> Your goal
A verbatim copy of all the data is required; the pictures should not appear in it.

> Data shown
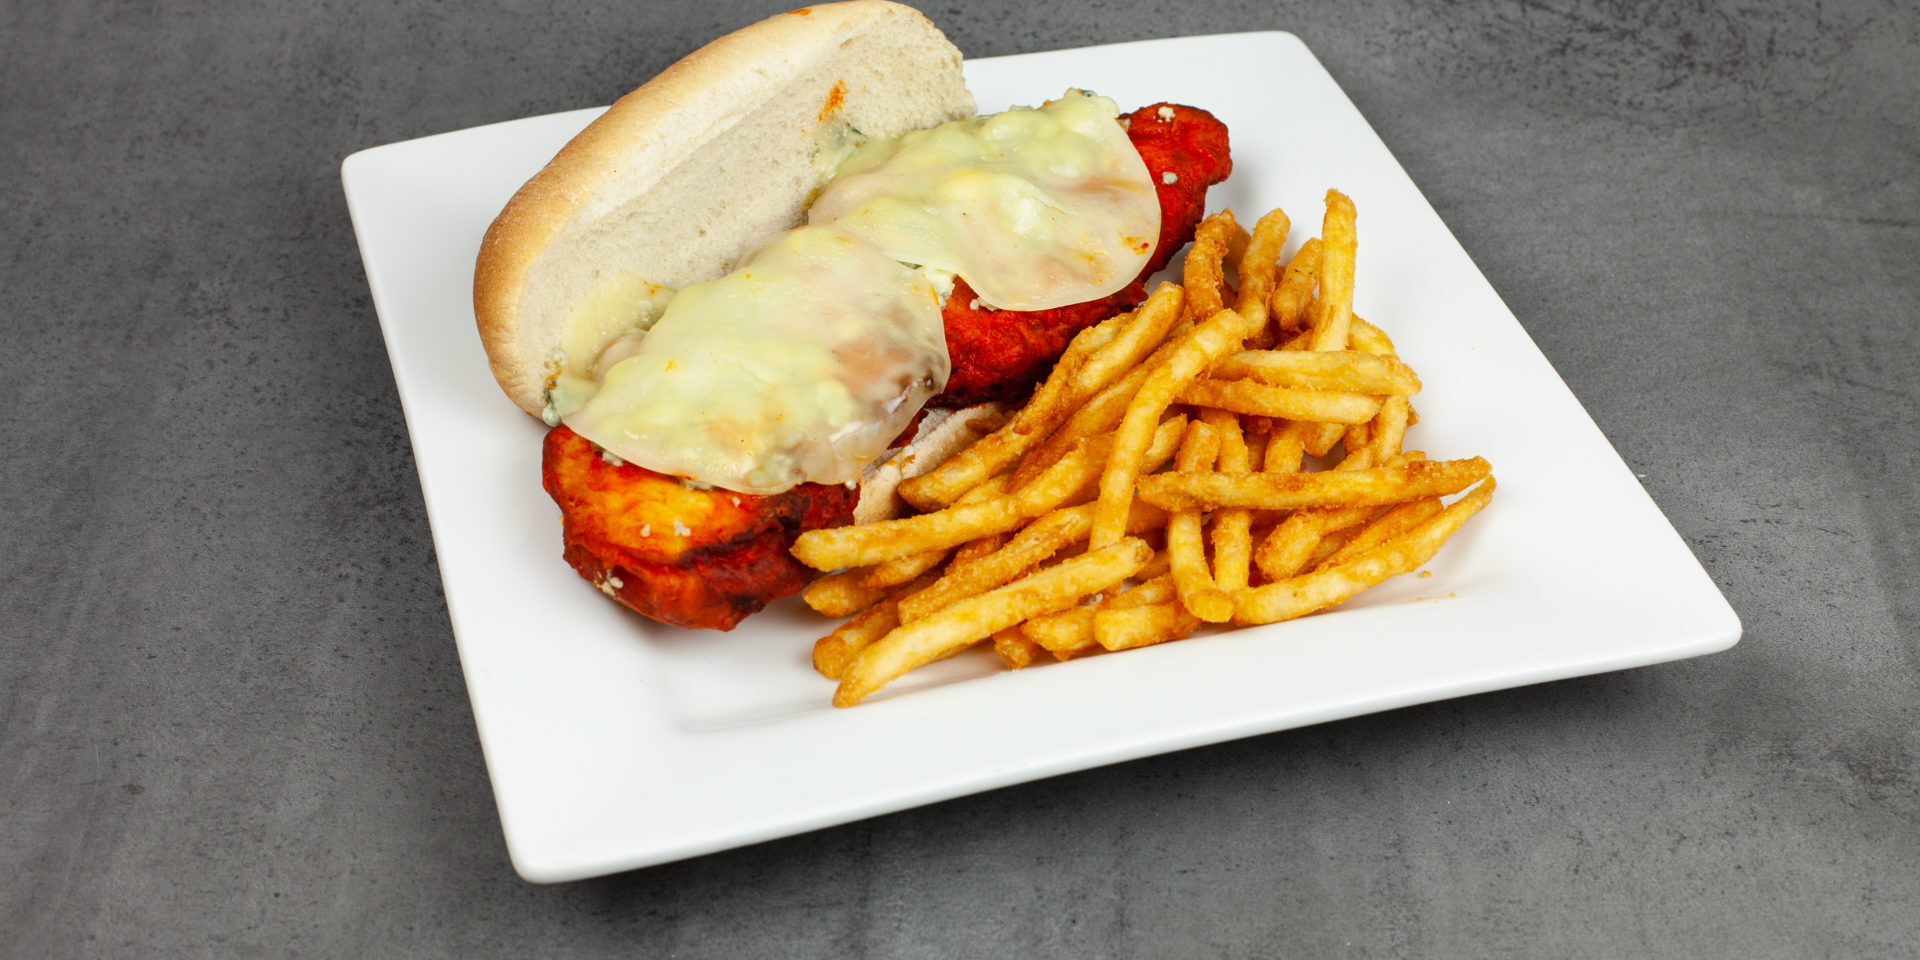 Buffalo Chicken Sandwich w/Fries
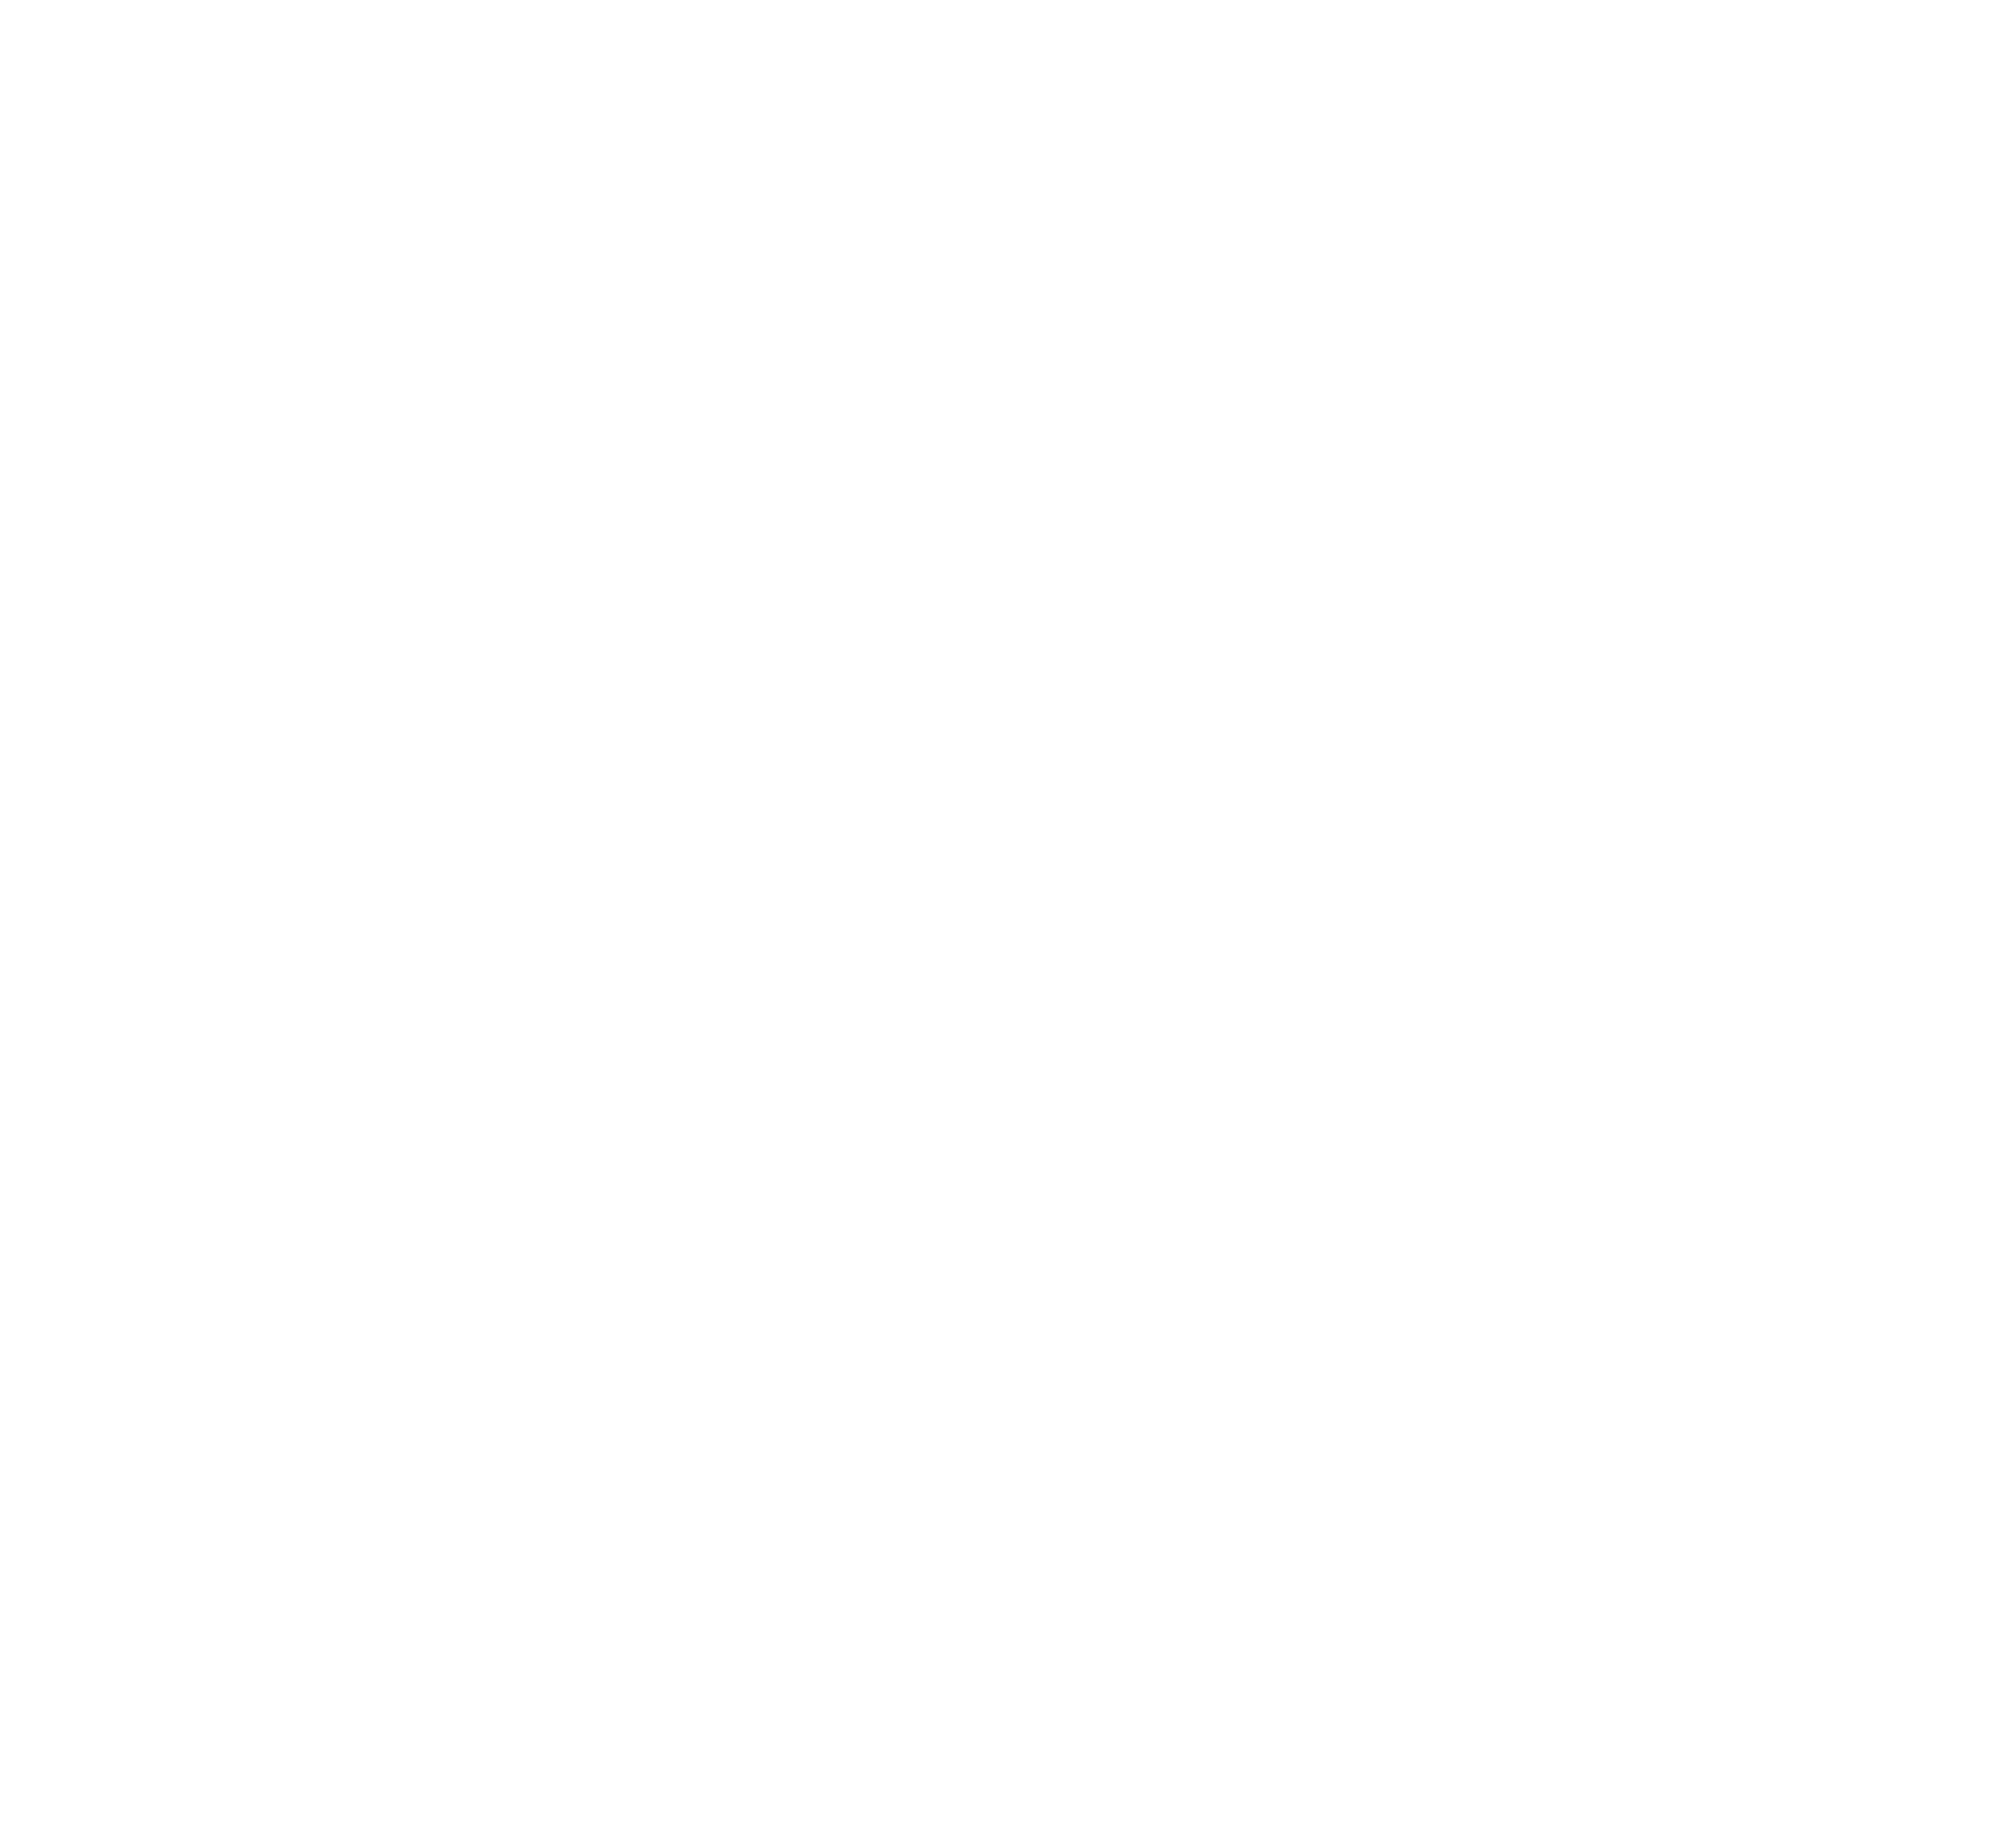 Logotyp för för CCS hudvård ®
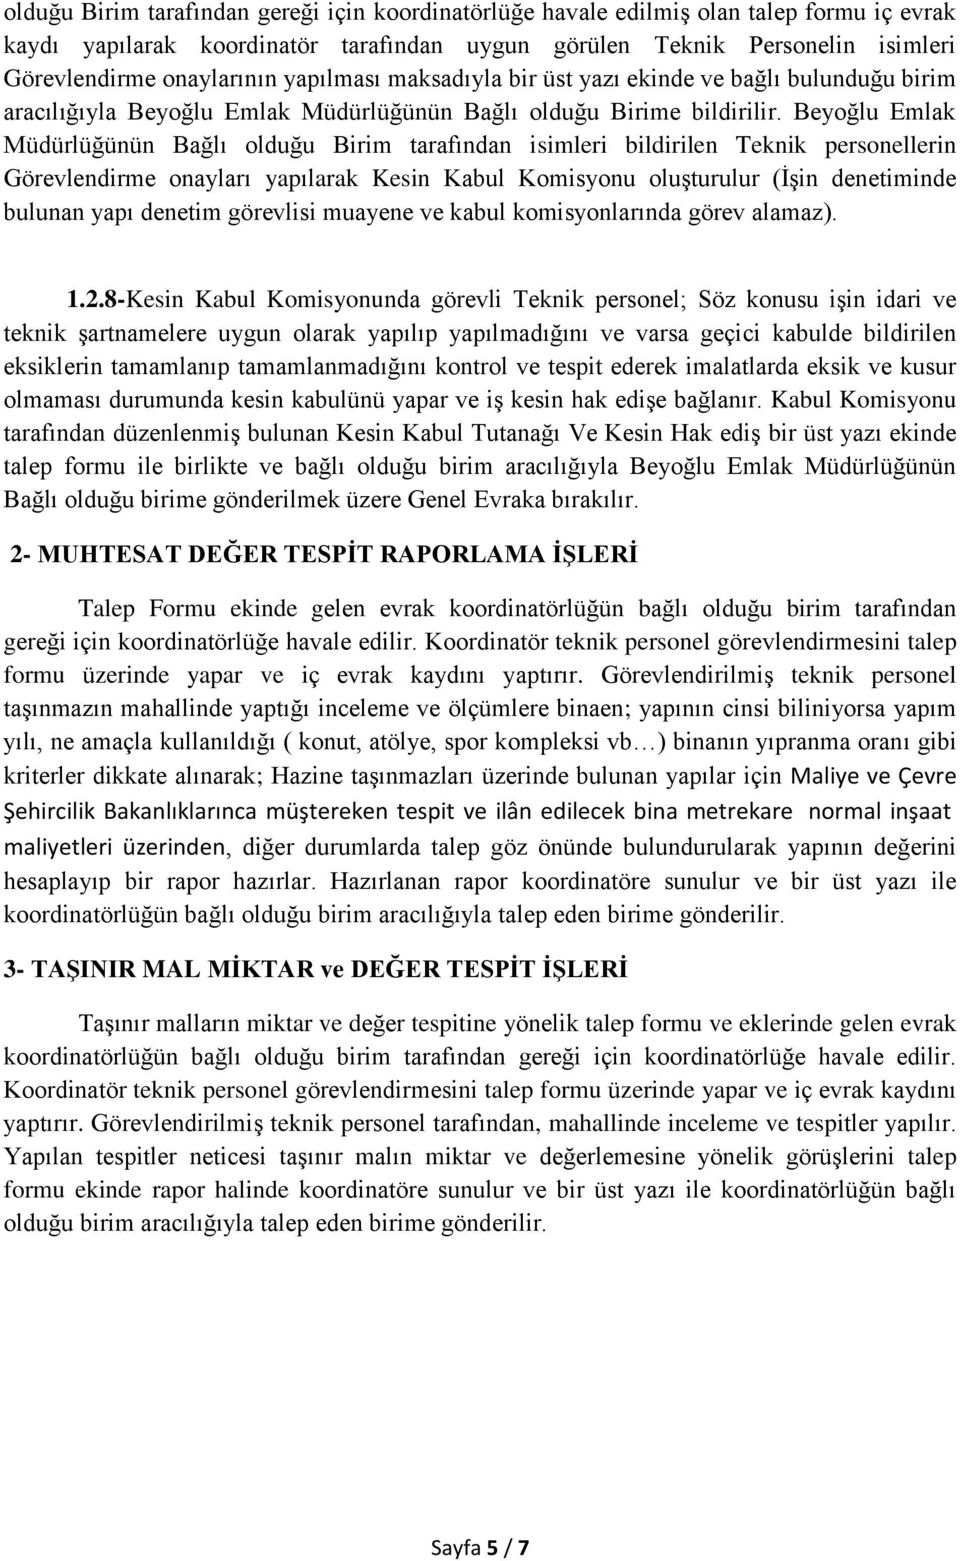 Beyoğlu Emlak Müdürlüğünün Bağlı olduğu Birim tarafından isimleri bildirilen Teknik personellerin Görevlendirme onayları yapılarak Kesin Kabul Komisyonu oluşturulur (İşin denetiminde bulunan yapı

> Result for this exercise
 Buffalo Chicken Sandwich w/Fries
 Logotyp för för CCS hudvård ®
 Beyoğlu Emlak Müdürlüğünün Bağlı olduğu Birim tarafından isimleri bildirilen Teknik personellerin Görevlendirme onayları yapılarak Kesin Kabul Komisyonu oluşturulur (İşin denetiminde bulunan yapı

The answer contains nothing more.